The impact on the processing units from the quick introduction of large blocks of gas, coupled with compressor anti-surge control and overpower protection, made for a difficult compressor start-up.
This problem became acute when a late winter storm resulted in much cooler than expected inlet-gas temperatures. The resulting dense gas overloaded the compressor and caused the machine to go into a power-limiting control mode.
The problem was solved by rewriting the compressor logic to allow for manual operation of the anti-surge valves to facilitate gradual loading of the plant during start-up. Each machine can now be fully operational while recycling 100% of the gas around the compressor.
During normal operations, a small amount of discharge gas is recycled to the suction on one or more of the compressors to fine-tune the inlet-gas rate control. The control logic required that a fan on the discharge cooler always be running, regardless of the compressor-discharge temperature.
When the cooled, wet, recycled gas flashed across the anti-surge valves, the valves would occasionally freeze in one position, eliminating the flow control and anti-surge protection capabilities of the machines.
The control logic has been modified to operate the discharge coolers on temperature control rather than require that the fans run. Following these small changes, the compressors have run extremely well with greater capacity than anticipated.
Hydrate formation
The last 1,400 ft of plant-inlet pipe is aboveground and was not insulated. The cold weather during start-up allowed the temperature of the inlet gas to fall to less than the hydrate-formation temperature of 48° F. The resulting hydrates plugged the inlet coalescer and contributed to inlet-compressor control problems by forming hydrates in the compressor-inlet screens.The inlet line was subsequently insulated to prevent future recurrence of these problems.
While overcoming these start-up challenges was at times trying, the overall design, construction, and operability of the facility have proven to be sound. All problems were one-time events and were unrelated to the long-term operability or reliability of the new facilities.
After operations began on Apr. 16, 1998, however, the plant experienced a heat-exchanger failure in July that shut down the plant until mid August (OGJ, July 20, 1998, p. 36). A replacement heat exchanger was purchased from Clark Oil & Refining Corp.'s Hartford, Ill., refinery.

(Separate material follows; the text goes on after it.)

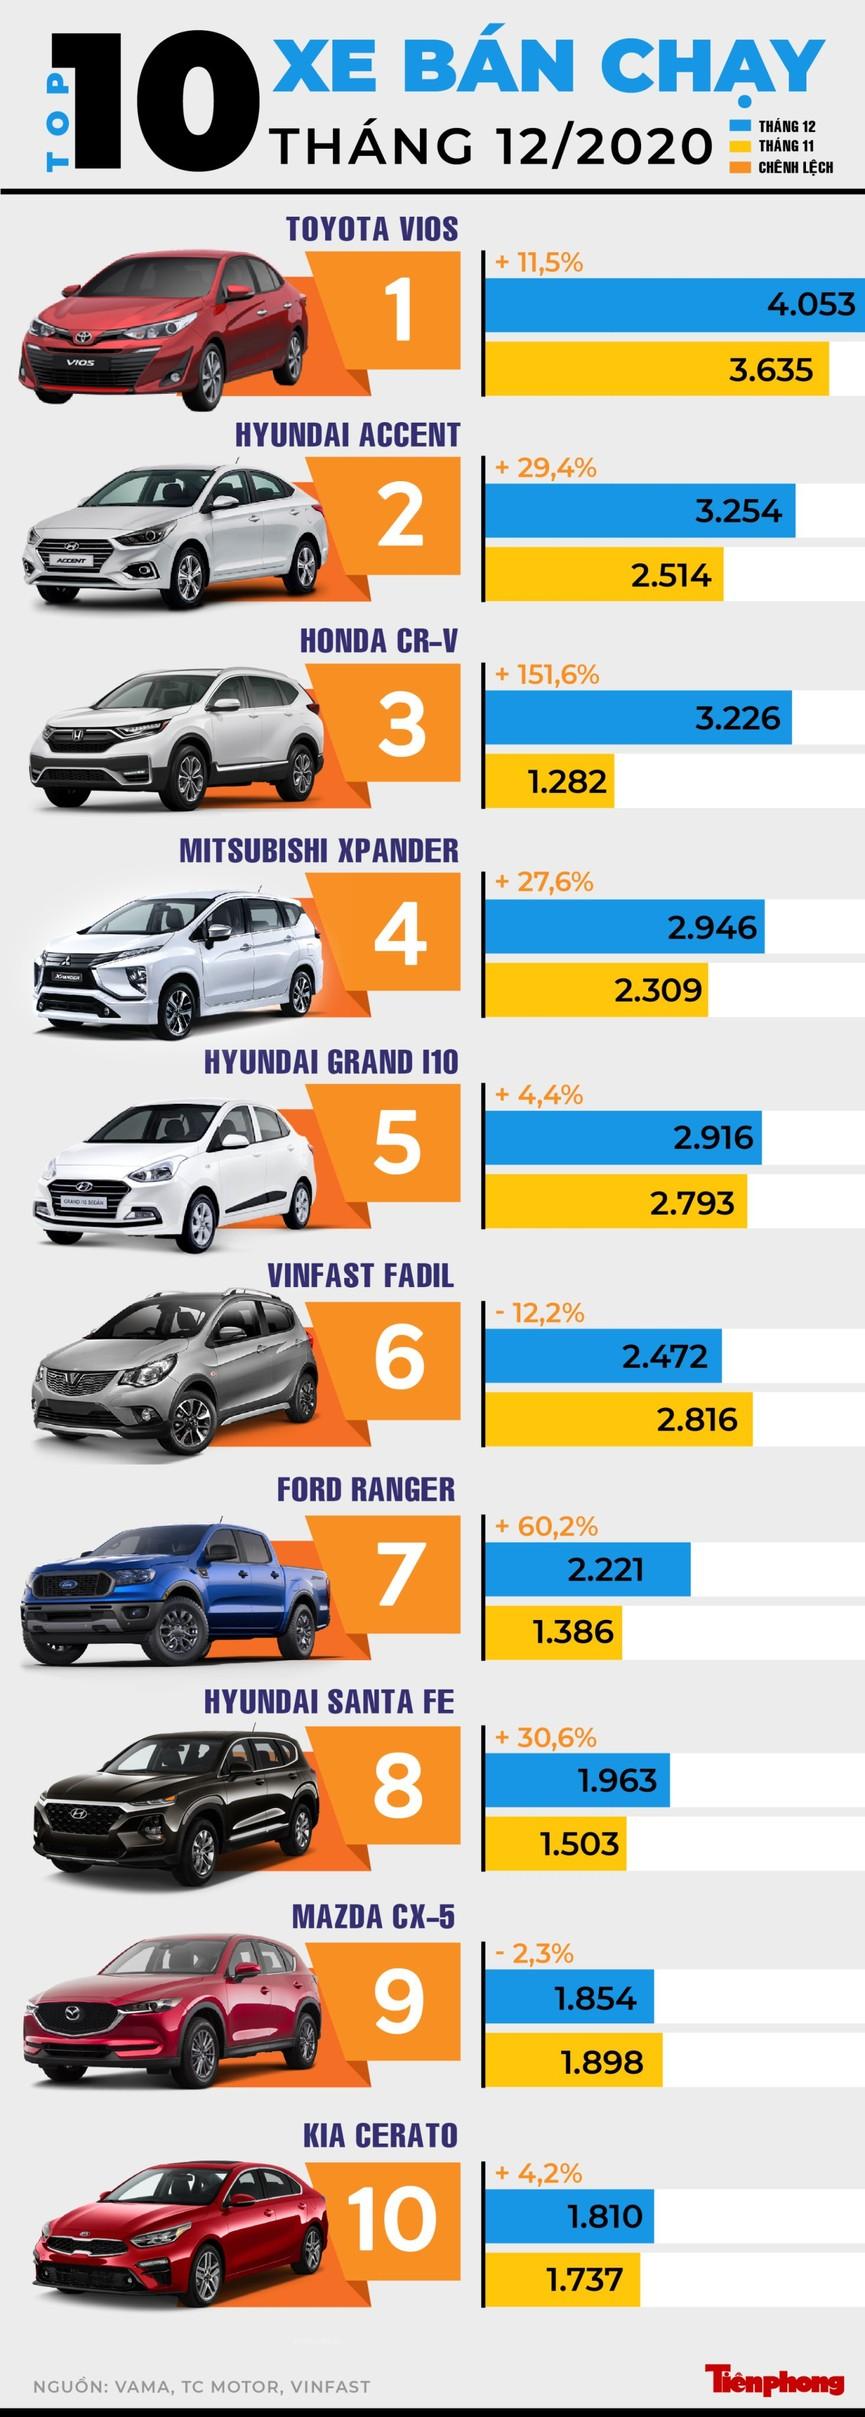 Top 10 mẫu xe hút khách nhất tháng 12 - ảnh 1

As much as 60 MMcfd of Amoco's gas production was expected back on line by the end of July.
This plant continues a recent trend, as the Amoco Hugoton Jayhawk gas plant is the third new plant to be built in the basin in recent years:
- Mesa Inc., now Pioneer Resources, built the Satanta NGL/NRU in 1992 to replace aging facilities.
- CIG Field Services Co. built the Lakin NGL/NRU in 1996, also replacing older facilities.
The Authors
Steve Ruehle is director for NGL business development with commercial responsibilities for Amoco's Hugoton Jayhawk gas plant. He joined Amoco Production Co. in 1980 in Salt Lake City then moved to Evanston, Wyo., in 1981 before transferring to the central engineering and construction group in Houston in 1983. After 2 years of process-design engineering, Ruehle was transferred to Denver and in 1986 assumed the first of several supervisory and management assignments in Denver. In 1993, he moved into international business development in Houston and then transferred into his current role in 1994. Ruehle holds a BS (1980) in chemical engineering from the Colorado School of Mines.
Lynn Coalmer is a process engineer for Amoco's gas processing plants, and most recently was a project engineer for the construction of the Hugoton Jayhawk gas plant. She is a 1993 graduate of Ohio State University with a BS degree in mechanical engineering.